Why the Roman Church survived the Roman Empire

Ascended Master Gautama Buddha, February 14, 2010 through Kim Michaels.

Look at the Roman Empire and the buildings. Everything was regimented, everything was built over a theme and repeated that theme without room for creativity or variation. There was, as we have explained, the killing of individuality and creativity—and thus, there was no openness for adaptation as times changed. As we have said before, space is Buddha; time is mother, and an element of the mother is precisely that there must be change. This is what is written into the second law of thermodynamics.

When a system becomes closed – meaning that it does not change – then it will be broken down over time, for time demands change. Time says, that that which is created out of duality can never stand still, can never be maintained over time. For time is the great equalizer, that breaks down everything to its lowest possible level of organization and structure. Time is the enemy of structure, for structure – once created – becomes a beast that wants to preserve itself, rather than continually transcending itself as is demanded by the creative flow of life.

You see the failure of the Roman Empire to adapt, and thus you see that what survived the Roman Empire was not the empire, not the secular militant branch of the empire, but the later creation of the empire, namely the Roman Church—which – partly because it was based on the teachings of Christ and partly because it had been persecuted for centuries by the Romans before it became the state religion – was much more in tune with the matter aspect, with the mother aspect.

And thus, the Christian Church up until Constantine had been forced to adapt in order to survive. And therefore, as the Roman Church was created, there was still enough remnants of creativity for the Roman Church to survive the Roman Empire. Yet once the leaders of the Church began to think, that they had it all made, then you saw the period of the dark ages, where the creativity had run out, the flame of creativity had gone out. And now there was only the incessant desire to preserve the structure by destroying all real or perceived threats to the structure.

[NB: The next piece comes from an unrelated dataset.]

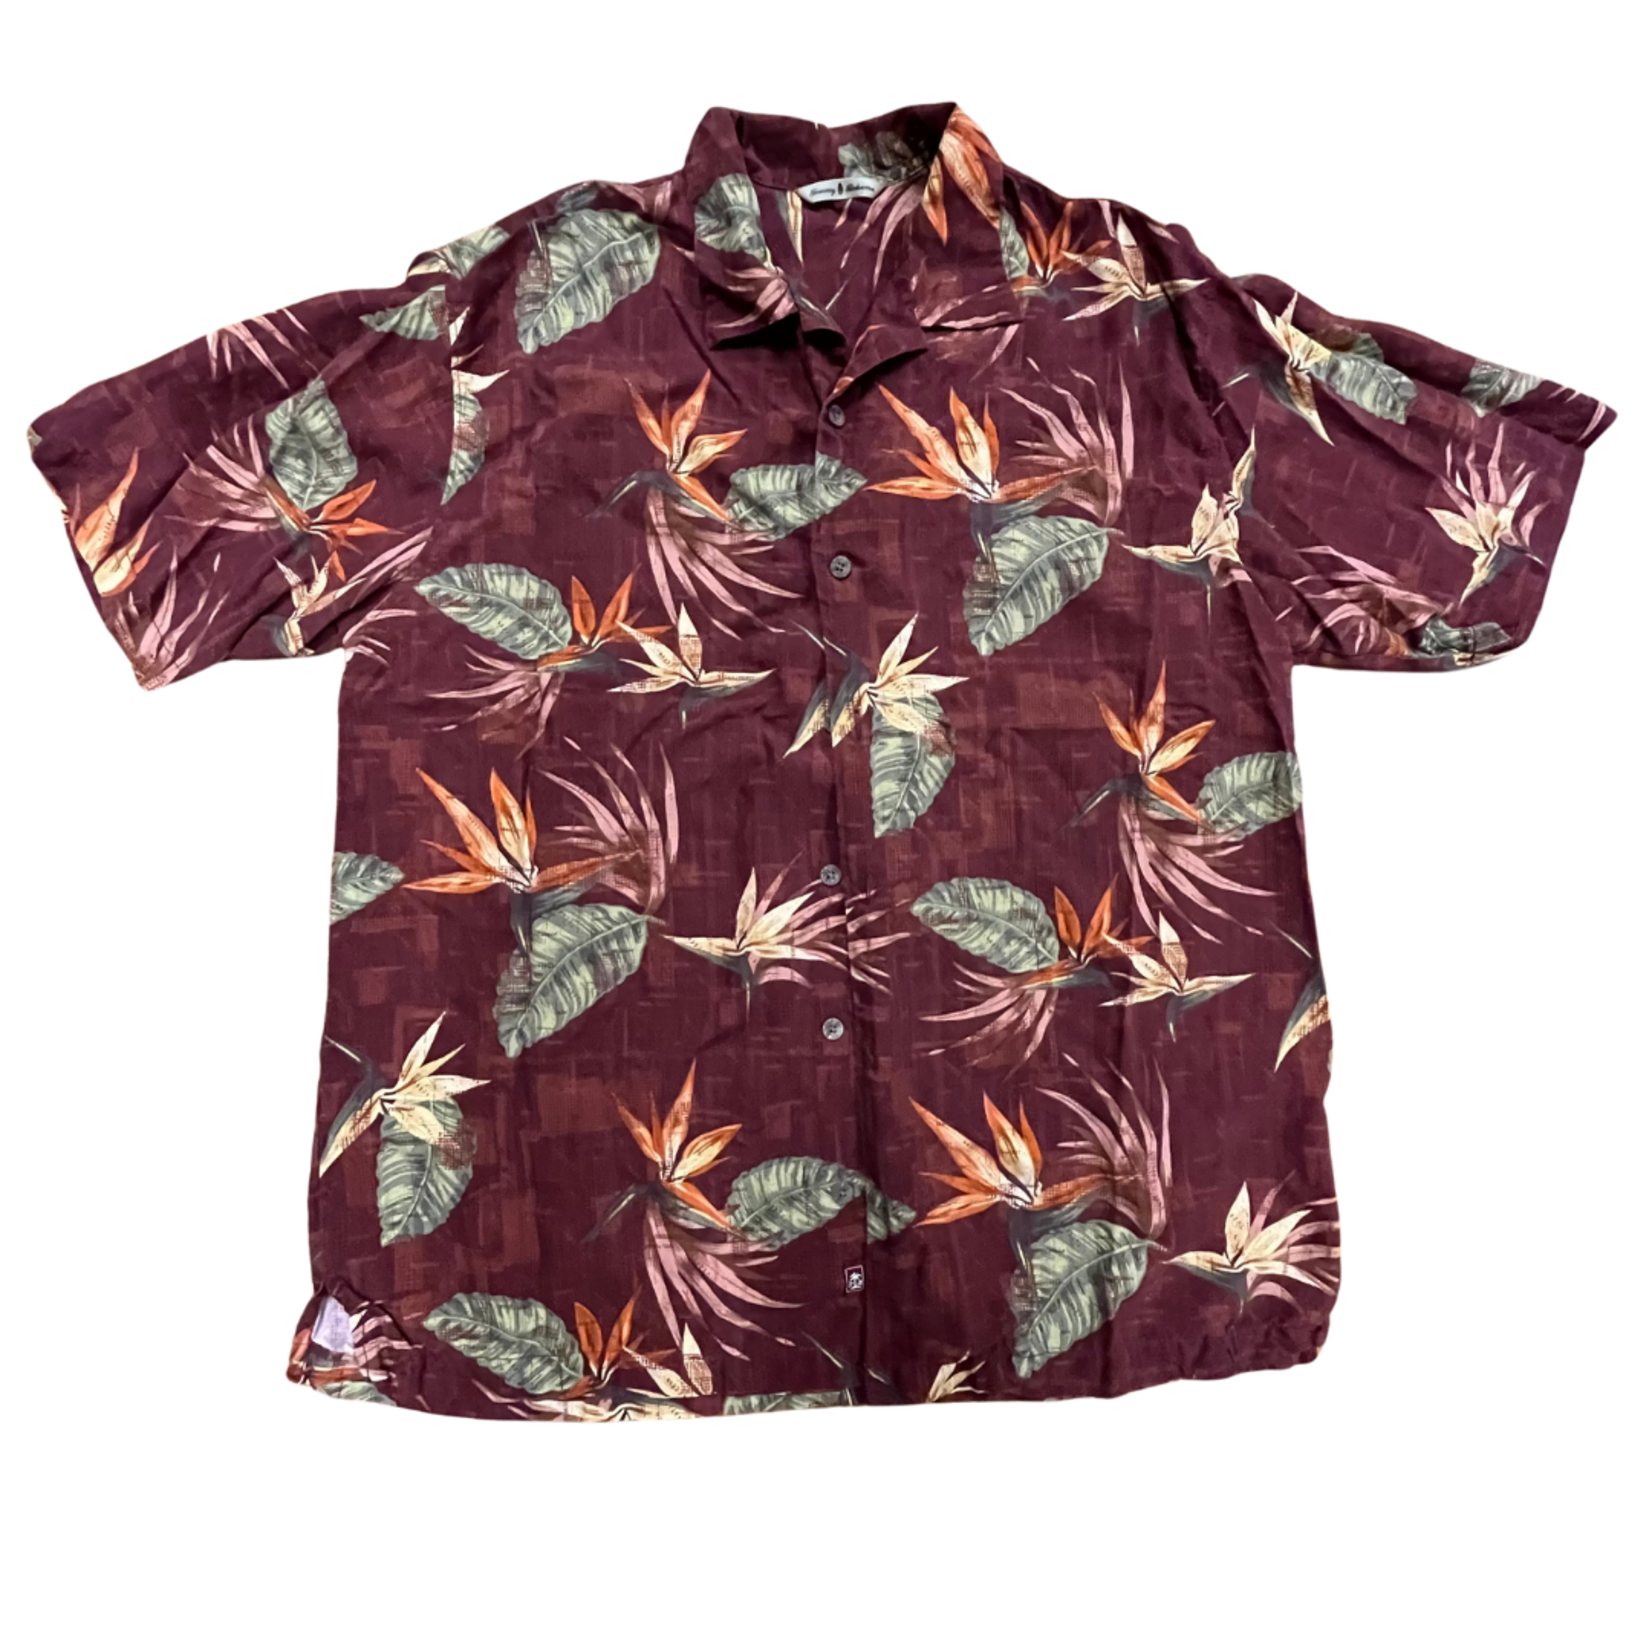 Mission Zero ReLoved Men’s Aloha Shirt - Tommy Bahama 100% Silk - Bird of paradise - Large

And the more the desire, the more the opposition that wanted to break down the structure. And so, you saw the Crusades, you saw the Inquisition, you saw also, my beloved, the incessant persecution of women in the so-called witch hunts. Do you know how many thousands, tens of thousands, hundreds of thousands of women were killed in the witch hunts and the Inquisition? Any women who had tuned in to the wisdom of the mother – using what today would be called natural healing methods – such a woman would be persecuted and likely killed by the Catholic Church. What a travesty this was, for it could indeed have provided an incredible spurt of creativity to take society, the society of Europe, out of the dark ages much sooner than it happened through the male scientists.